Уже в купе, сняв с себя шубу и шапку, она, увидев на перроне одиноко стоящего мужа, чуть было не топнула ногой. «Ну сколько можно?!» А он все стоял и стоял, делал ей какие-то знаки, пытался что-то сказать ей, она кивала-кивала, думая при этом, как бы не отвалилась голова, а потом, когда поезд тронулся, с облегчением опустилась на диван. Все — поехали.
Весь вечер она ела маринованные грибы и котлеты, которыми ее угощали соседи по купе. Все командированные, вырвавшиеся из дома и теперь расслабившиеся в комфортном теплом купе, позволившие себе распить дорогую водку. Трое мужчин, для которых разговоры об охоте и рыбной ловле доставляли поистине неслыханное удовольствие. Лиза, закутавшись в длинный черный халат, слушала разговор о дроби, снастях, лещах, карасях и кабанах и никак не могла понять, что может быть хорошего в том, чтобы посреди зимы, надев на себя тулупы и валенки, как эти безумцы, вскрывать толщу льда и сидеть часами на морозе в ожидании рыбы. Ведь так можно промерзнуть до костей, подхватить воспаление легких, а потом и вовсе умереть.
В полночь ее сморило, и она уснула. И снился ей огромный карась, который, вынырнув из проруби, попросил у нее свитер, а потом никак не мог надеть его, чтобы тот не зацепился за острые плавники…

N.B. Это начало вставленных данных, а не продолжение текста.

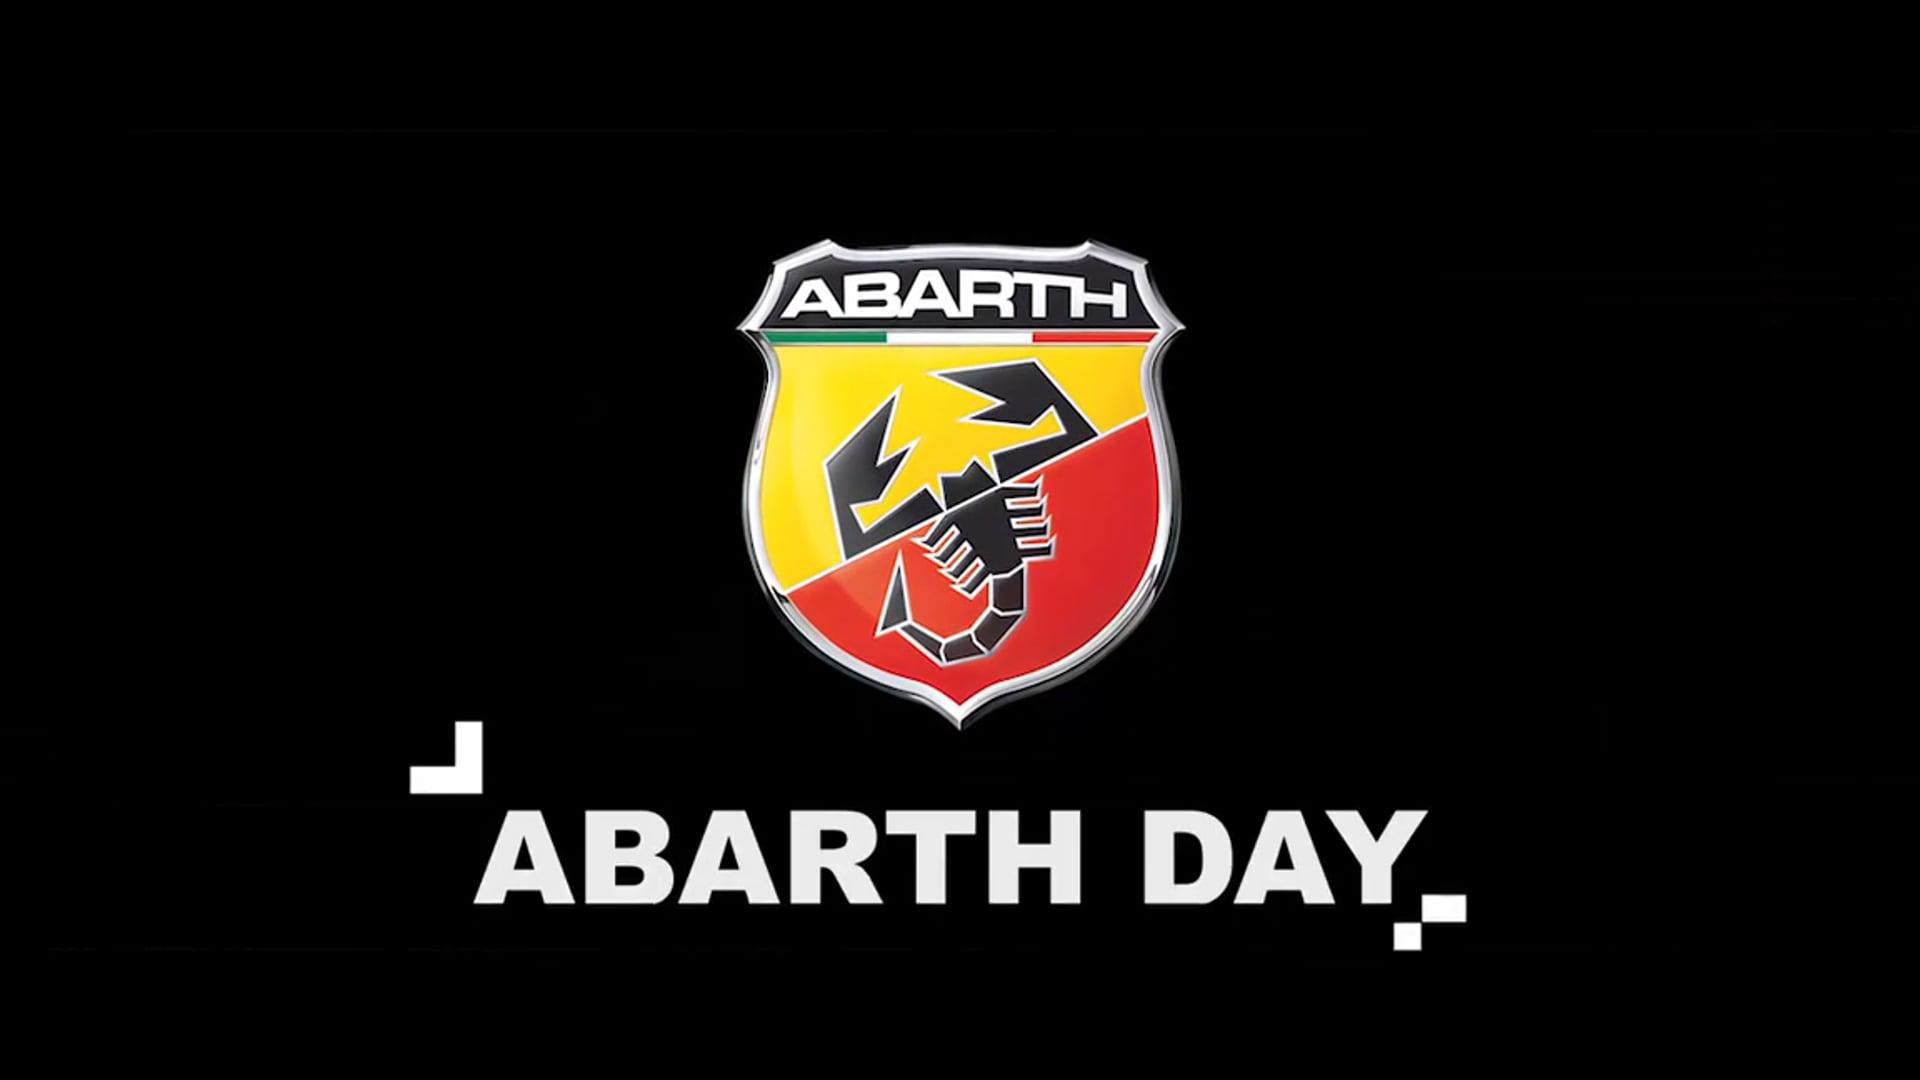 Abarth Day (Full movie)

В Москве ее встретил Елисей.
— Привет, королевич, — и она бросилась ему в объятия на глазах трех знакомых командированных, которые, намереваясь помочь ей донести чемоданы и сумку, теперь лишь тихо распрощались и смешались с толпой. — А где же цветы? — Лиза загадала: если Елисей встретит ее, как всегда, с розами, то все будет хорошо, а если нет… Вот о последнем ей даже и думать не хотелось. А под емким «хорошо» подразумевалось: во-первых, то, что все эти пять дней она после курсов будет ночевать в большой квартире, что с ней будет Елисей, что он будет нежен, внимателен, что она вновь почувствует себя любимой женщиной, что… — Ты не успел купить розы?
— Знаешь, милая, я так торопился, да и телеграмму твою получил совсем недавно, часа четыре назад мне Катя позвонила, ну прости…
— Как она, кстати?
— Хорошо, родила мальчика. Так что теперь я дядя. Ну что, пойдем? У меня машина, я довезу тебя…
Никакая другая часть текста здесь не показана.